DEL SOLE, J., concurs in the result.
NOTES
[1] The appellant was found guilty of Possession With Intent to Deliver or Manufacture a Controlled Substance (35 P.S. § 780-113(a)(30) and Delivery of, Possession with Intent to Deliver, or Manufacture With the Intent to Deliver, Drug Paraphernalia. (35 P.S. § 780-113(a)(33)). He was also convicted of Knowing or Intentional Possession of a Controlled Substance (35 P.S. § 780-113(a)(16), but the charges merged for sentencing purposes.
[2] Officer Caccimelio testified that he had earlier detected the "chemical-type" odor while speaking with the appellant, noting that during the course of the search "and during the previous conversation, I had noticed an odor . . ." (N.T. 12/1/86 at pp. 23-24).
[3] The suppression hearing was conducted on December 1 and 2, 1986. Following its conclusion on December 2, trial commenced.
[4] Initially, a three judge panel of the Court of Appeals held that the contents of the paper bag was admissible into evidence, but that the currency contained within the pouch was not. This ruling was modified by the court sitting en banc, which ordered the exclusion of both the heroin and the currency.
[5] In Long, Justice Roberts authored the majority opinion in which Eagen, C.J. and O'Brien, Nix and Manderino, JJ. joined. Justice Flaherty filed a dissenting opinion in which Larsen and Kauffman, JJ. joined.

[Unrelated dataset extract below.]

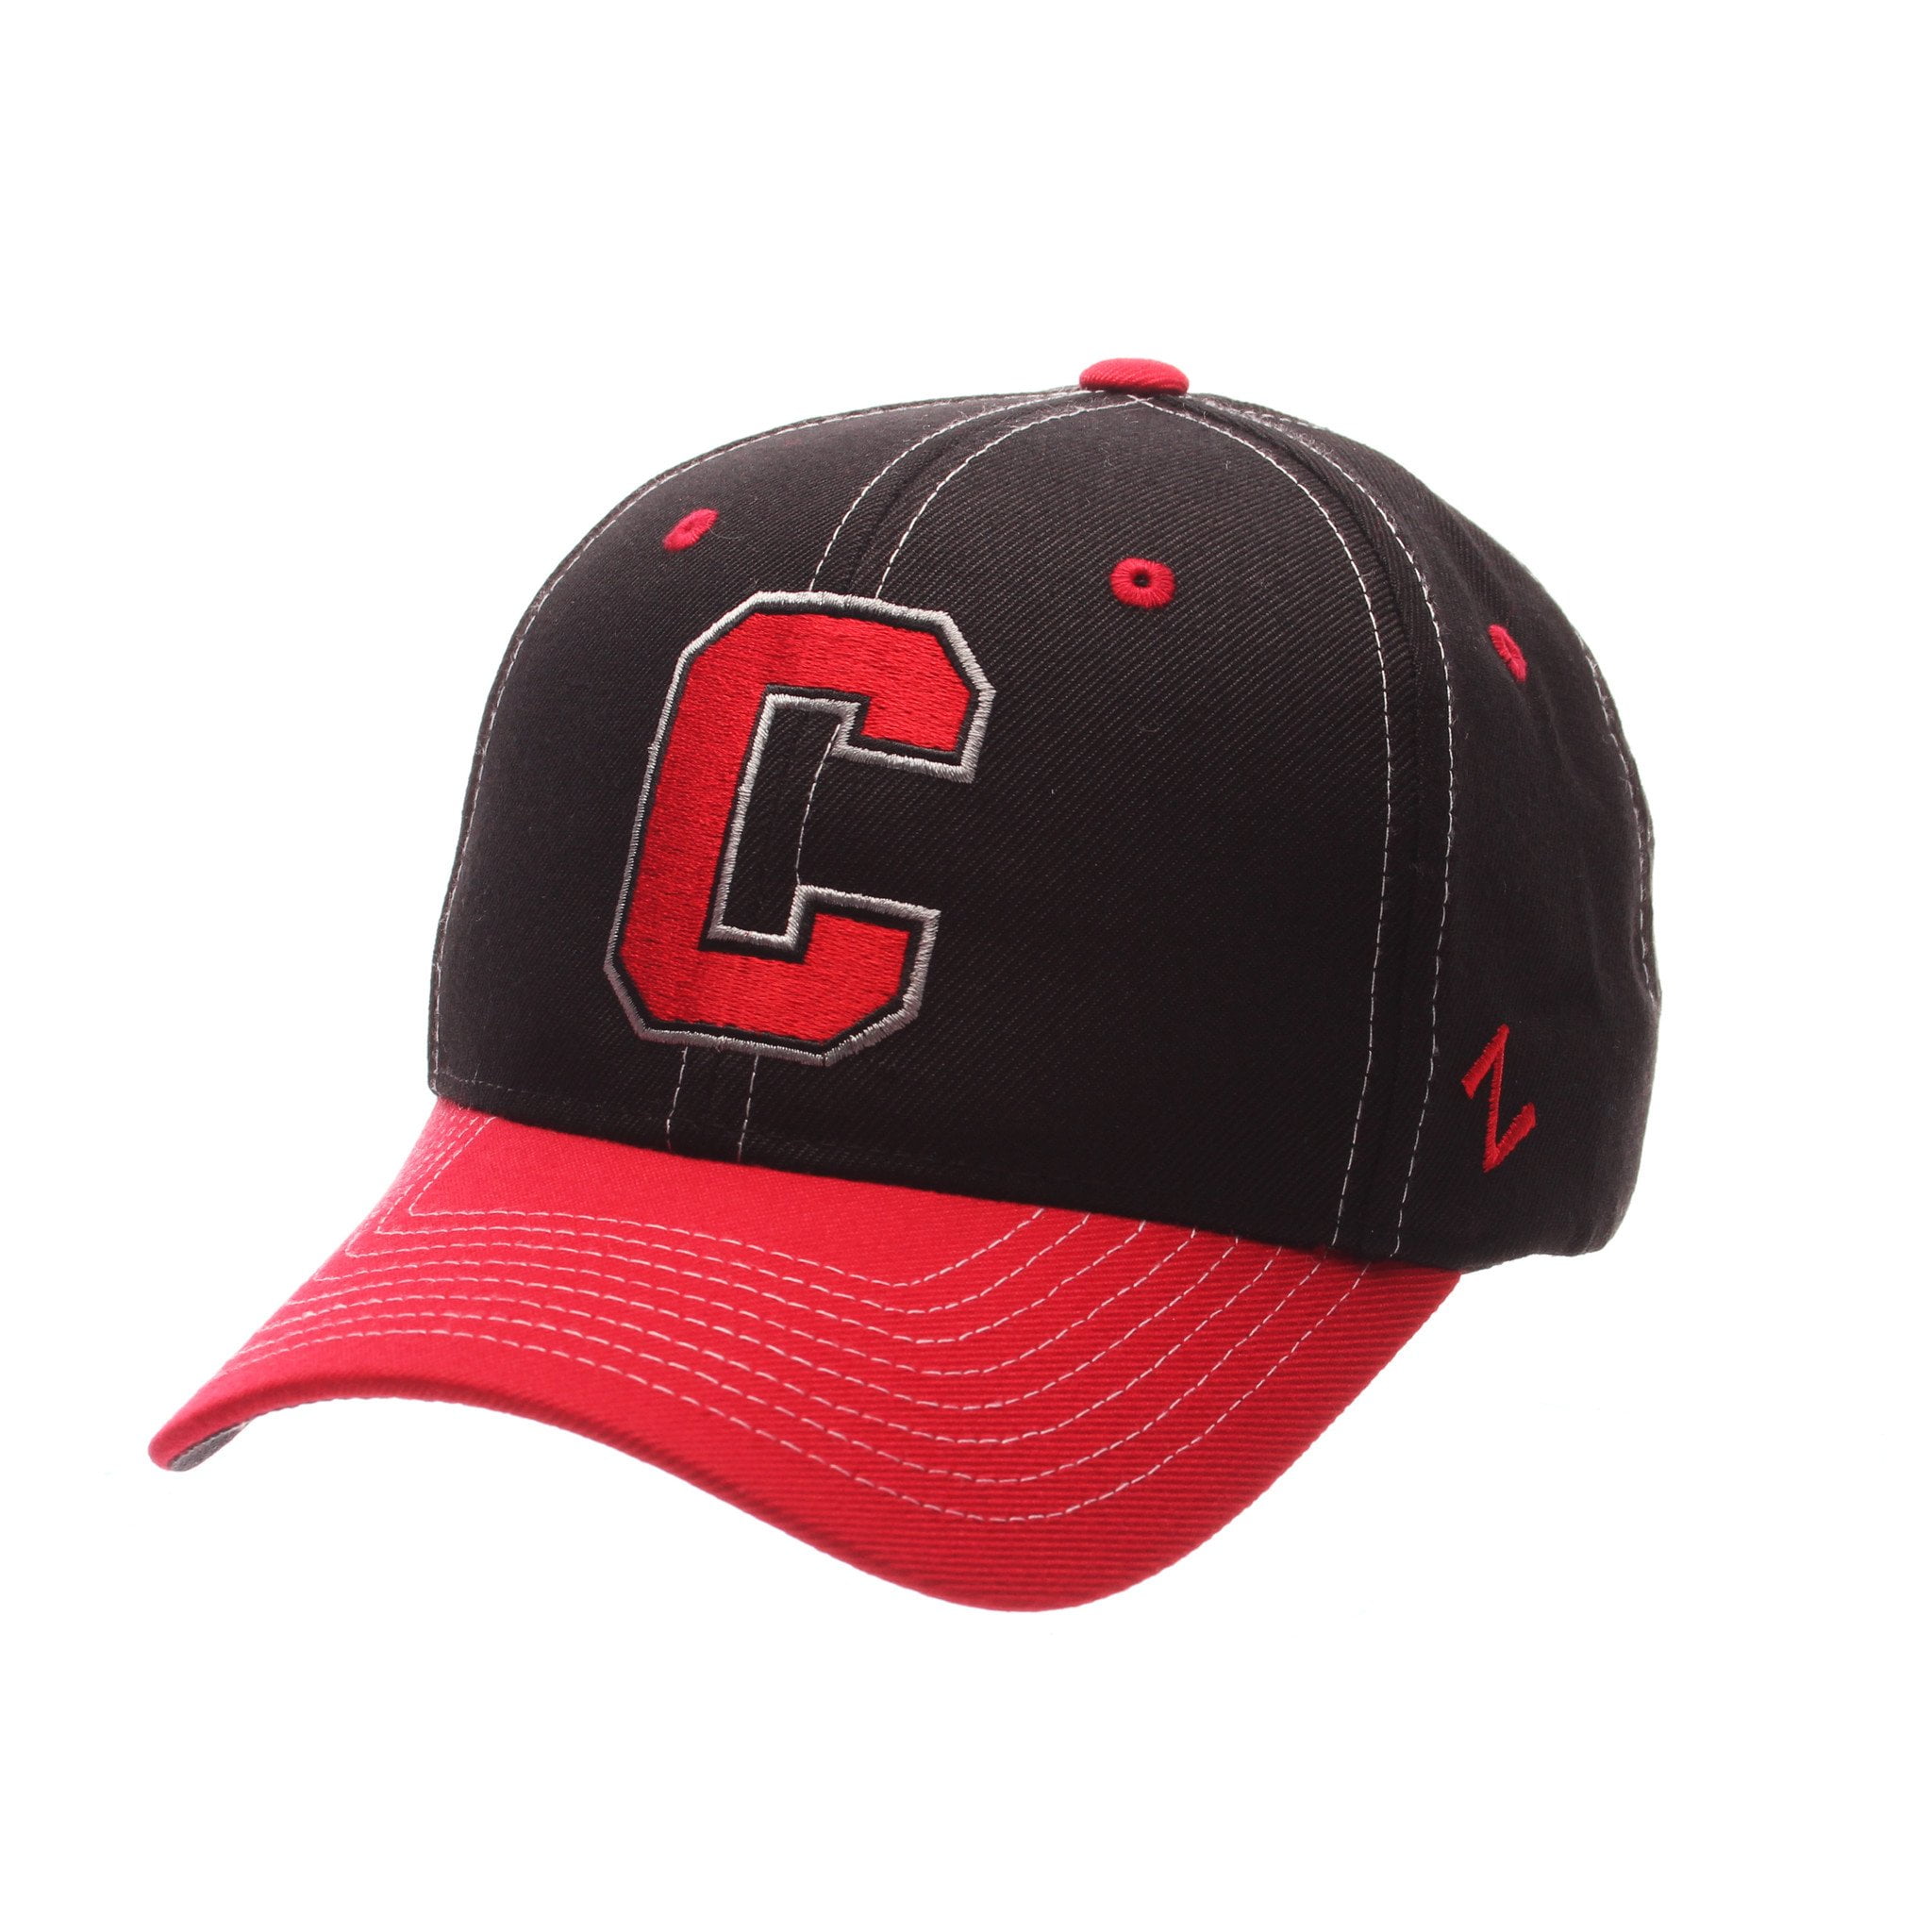 CORVETTE EST 1953 Red Baseball Hat 686184

[6] Quite recently, in Commonwealth v. Baker, 518 Pa. 145, 541 A.2d 1381 (1988), our Supreme Court stated that "Certain exigencies may render the obtaining of a warrant not reasonably practicable under the circumstances of a given case, and, when that occurs, vehicle searches conducted without warrants have been deemed proper where probable cause was present." (518 Pa. 149, 541 A.2d at 1383.) (citations omitted). A reading of the record in the instant case convinces us that the requisite exigencies existed. As discussed in Baker, "[T]he exigencies of the mobility of the vehicle and of there having been inadequate time and opportunity to obtain a warrant rendered the search proper." (518 Pa. at 149, 541 A.2d at 1383) (citations omitted). In Baker, the police stopped a vehicle "approximately thirty minutes" after receiving information from a a reliable informant that the defendant/driver was in possession of a revolver. (518 Pa. at 149, 541 A.2d at 1383). In the case at bar, we are safe in assuming that the period between the initial observation of the car and the subsequent search was of even shorter duration. Moreover, while it might have been preferable for Officer Caccimelio to have immobilized the car and then proceed to obtain a warrant, "immobilization has been held to be an alternative, not a requirement." (518 Pa. at 149, 541 A.2d at 1383) (citing Commonwealth v. Milyak, supra). Accordingly, the officer was justified in his actions. Finally, it is significant that in Baker, the court cited Ross, supra, but made no mention of its prior decision in Long, supra.